Bright Spots: Emerging Businesses and International Markets Provide Support
Despite the struggles with traditional businesses, Mindray has two areas of strength:
- Emerging Businesses: For the first time, emerging businesses were included as a separate segment in the company’s report, accounting for 16% of total revenue. These include minimally invasive surgery (such as laparoscopes) and animal healthcare equipment, with annual revenue of 5.38 billion yuan, a year-on-year increase of 38.85%. This growth is impressive for a company of Mindray’s size.
- International Markets: International revenue increased by 7.4% in 2025, accounting for over 53% of total sales for the first time. The European market grew by 17%, and emerging markets (such as Southeast Asia and Latin America) saw nearly 30% growth. In the first quarter of 2026, international revenue increased by 15.7% in US dollars, indicating a rapid recovery.
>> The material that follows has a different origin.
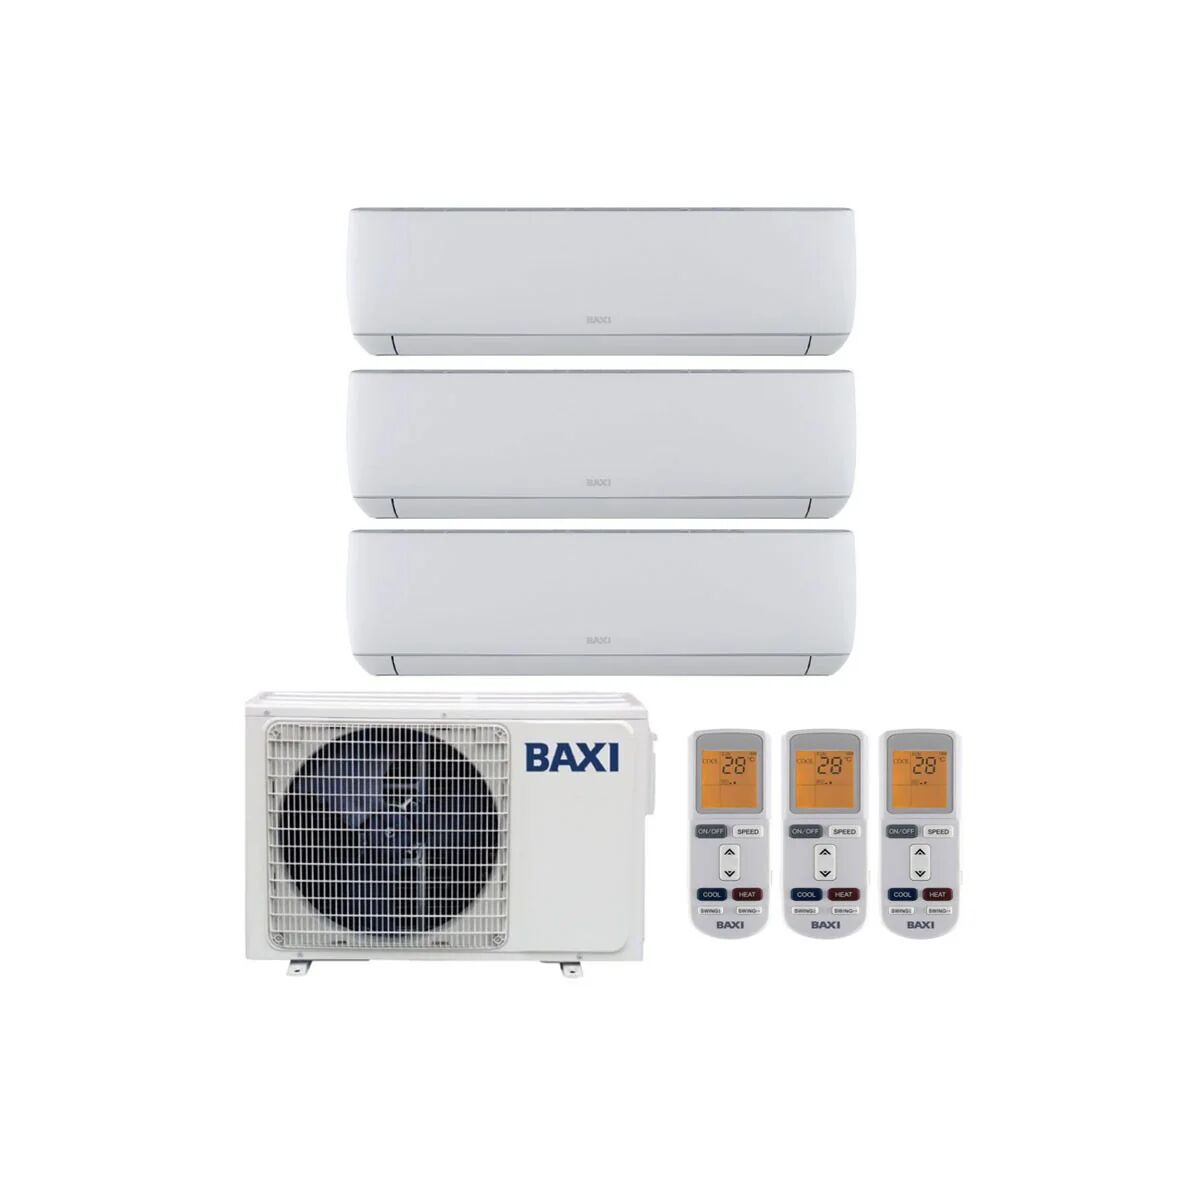 Condizionatore Baxi Astra Trial Split 9000+9000+9000 Btu Inverter R32 Lsgt60-3M A++ (LSGT60-3M 9+9+9)

These highlights show that Mindray is diversifying its sources of revenue and relying on international markets when domestic sales decline.
Li Xiting’s Wealth: A Rollercoaster Ride
Li Xiting, the company’s founder (75 years old), came from a rural area in Anhui and graduated from the University of Science and Technology of China before starting the business. His wealth has fluctuated dramatically with the company’s performance:
- 2021: The company performed well, and his stock price soared, making him the richest person in Singapore with a fortune of approximately 165 billion yuan.
- 2025: His wealth dropped to 100 billion yuan.
- 2026: It further decreased to 84 billion yuan.
The significant drop in wealth over five years is mainly due to the company’s declining performance, which affected his stock price. Additionally, as a Singaporean citizen, his wealth may also be impacted by exchange rate fluctuations, but the core reason remains the company’s financial performance.
Funds Raised from the HKEX IPO
The proposed HKEX IPO aims to raise at least $1 billion, which will be used for the following purposes:
- Research and Development of High-End Products: Although Mindray is a leader in China, it still faces competition from international giants like GE, Philips, and Siemens in high-end markets. The funds will be used to develop advanced products and digital healthcare solutions using AI.
- Global Expansion: The company plans to establish more R&D centers and production bases overseas (in Europe and emerging markets) to reduce costs and improve supply chain efficiency, avoiding shortages like those experienced during the pandemic.
The success of this IPO depends on Li Xiting’s ability to lead the team in breaking through technological barriers and expanding Mindray’s presence in high-end markets.
In summary, Mindray’s second attempt to list on the HKEX is both a strategic move to diversify its funding sources and a necessity to overcome challenges in the domestic market. With limited growth opportunities domestically, the company relies on international markets and emerging businesses, which require substantial investment and technological advancement. For Li Xiting, continuing to drive the company at this age is crucial for maintaining Mindray’s position as a leader in the medical device industry.